For a full list of topics, please see here.

What are the sites you suggest using to explore my VCF file (SNPedia, dbSNP, etc.)?

These are resources we recommend to our users because they can be very helpful in uncovering information about specific SNPs. They are all free to use, and we believe that users will be able to easily navigate through them. These resources will allow for exploration of information ranging in intensity from an overview of the importance of a specific genotype to detailed scientific studies.

What is the information displayed for each SNP?

In addition to your genotype, we display the coordinates of each SNP. This includes the chromosome on which it is located, as well as its position. Please note: for positions, we use the GRCh37/hg19 standard. The position number may be different in sources which use a different reference genome.

How accurate is the imputed VCF from DNA.Land?

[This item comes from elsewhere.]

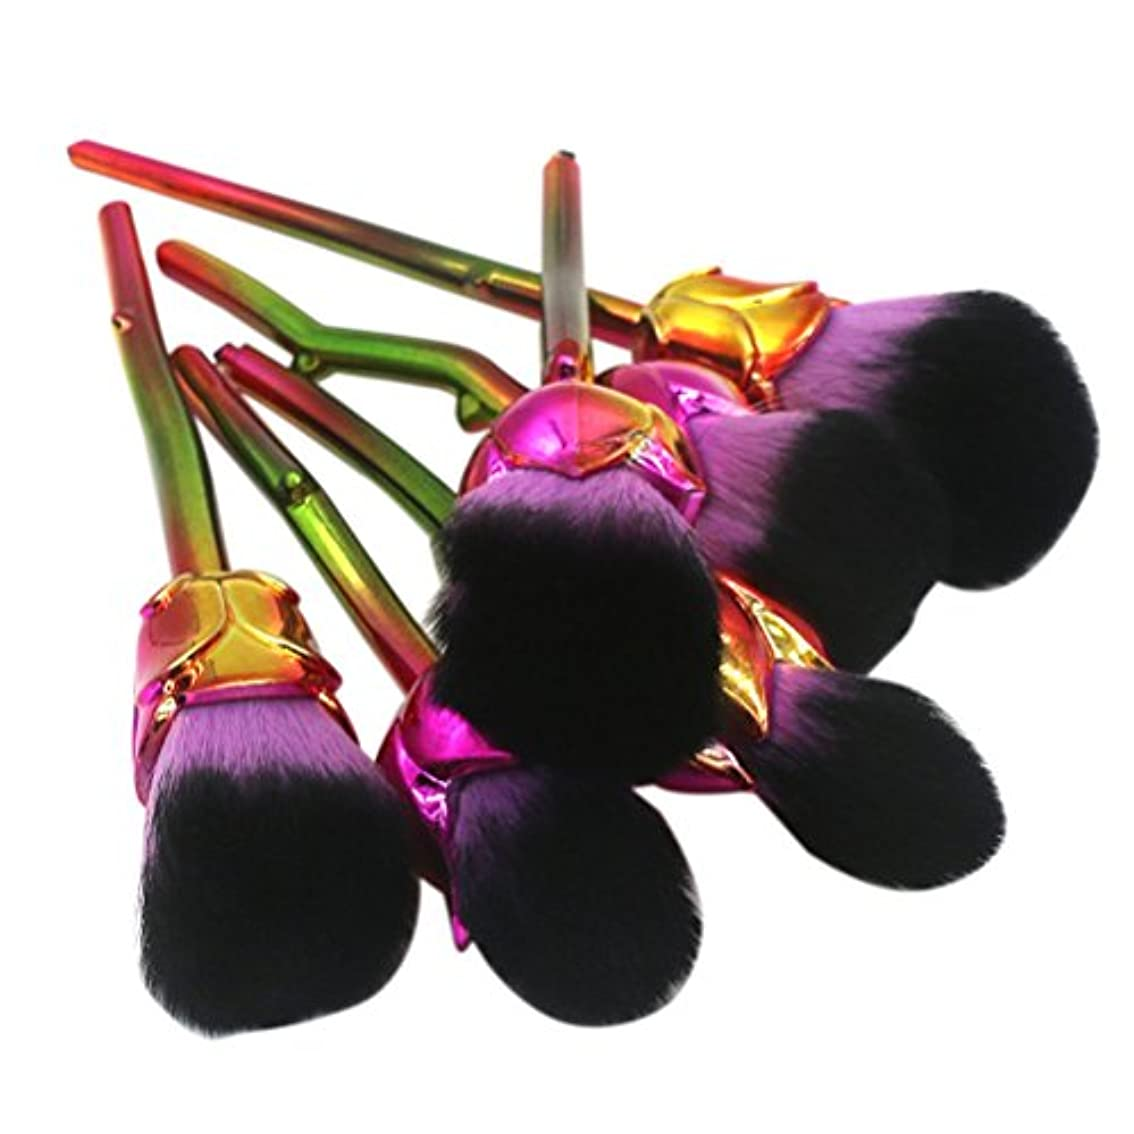 森林剪断支店ディラビューティー(Dilla Beauty) メイクブラシ 薔薇 メイクブラシセット 人気 ファンデーションブラシ 化粧筆 可愛い 化粧ブラシ セット パウダーブラシ フェイスブラシ ローズ メイクブラシ 6本セット ケース付き (パープル)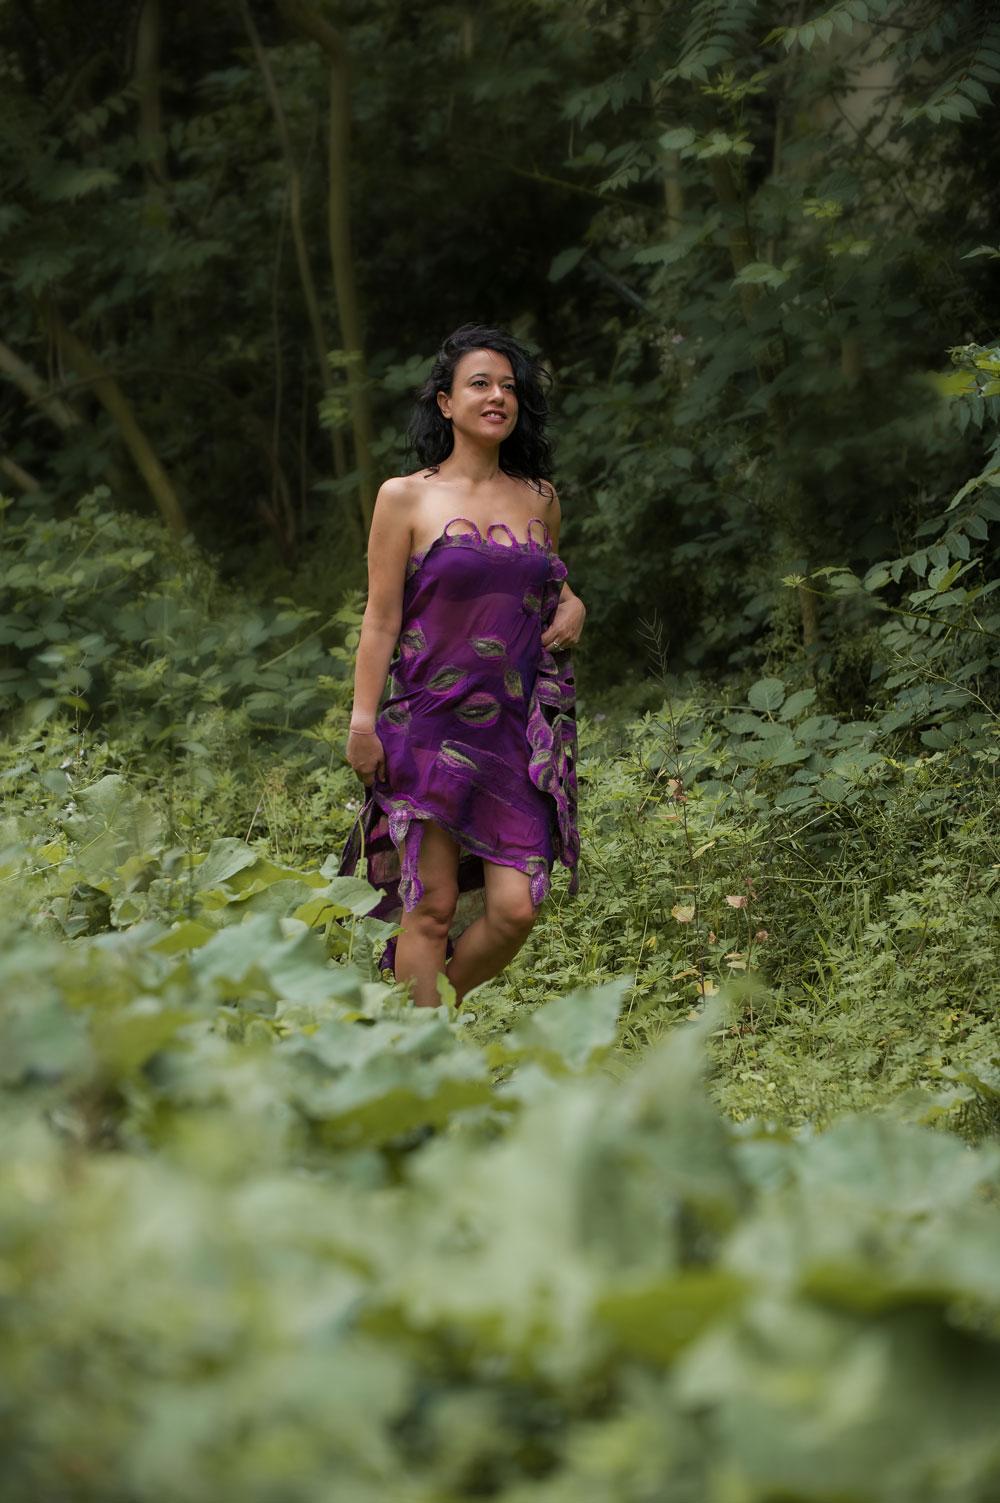 sawatou-felt-fashion-dress-violet2-WEB

DNA.Land is fairly accurate, but not 100%, since imputation—the process by which we estimate the missing information in your genotype—cannot be done with 100% certainty.That being said, in internal testing, our imputation algorithms correctly imputed about 99.994% of SNPs. However, since this is a stochastic, probabilistic analysis, there is always the possibility that we are displaying an incorrect genotyoe. Never use the information provided on this website as-is; always consult a certified clinician before making any medical decision.

What is imputation?

Imputation is a process by which gaps in your genome which weren't actually sequenced can be inferred. For more on imputation, please visit DNA.Land's explanation.

What is "Magnitude"?

Magnitude is a measure of how linked a certain trait is with a particular SNP. This data comes from the GWAS Catalog of the European Bioinformatics Institute (EBI), and can either be the odds ratio or beta cofficient for a specific SNP in a trait.

What is "Risk Allele"?

The risk allele is the allele associated with inheriting a certain trait or condition in case-controlled genetic studies.

What do the colors mean about my genotype?

Red indicates that you have at least one copy of the risk allele. Green indicates that you have no copies of the risk allele. Black or grey means that the risk allele is unavailable; we do not know whether or not you have it.

In this report, the user has the risk allele in the second SNP in the list (currently expanded), but not in the first or fourth SNP. Likewise, the risk allele for the third SNP is not known.

Why are magnitude or risk allele missing for some SNPs?

Our information on magnitudes and risk alleles comes from the GWAS Catalog of the European Bioinformatics Institute. We cannot present these items when they're not included in the catalog.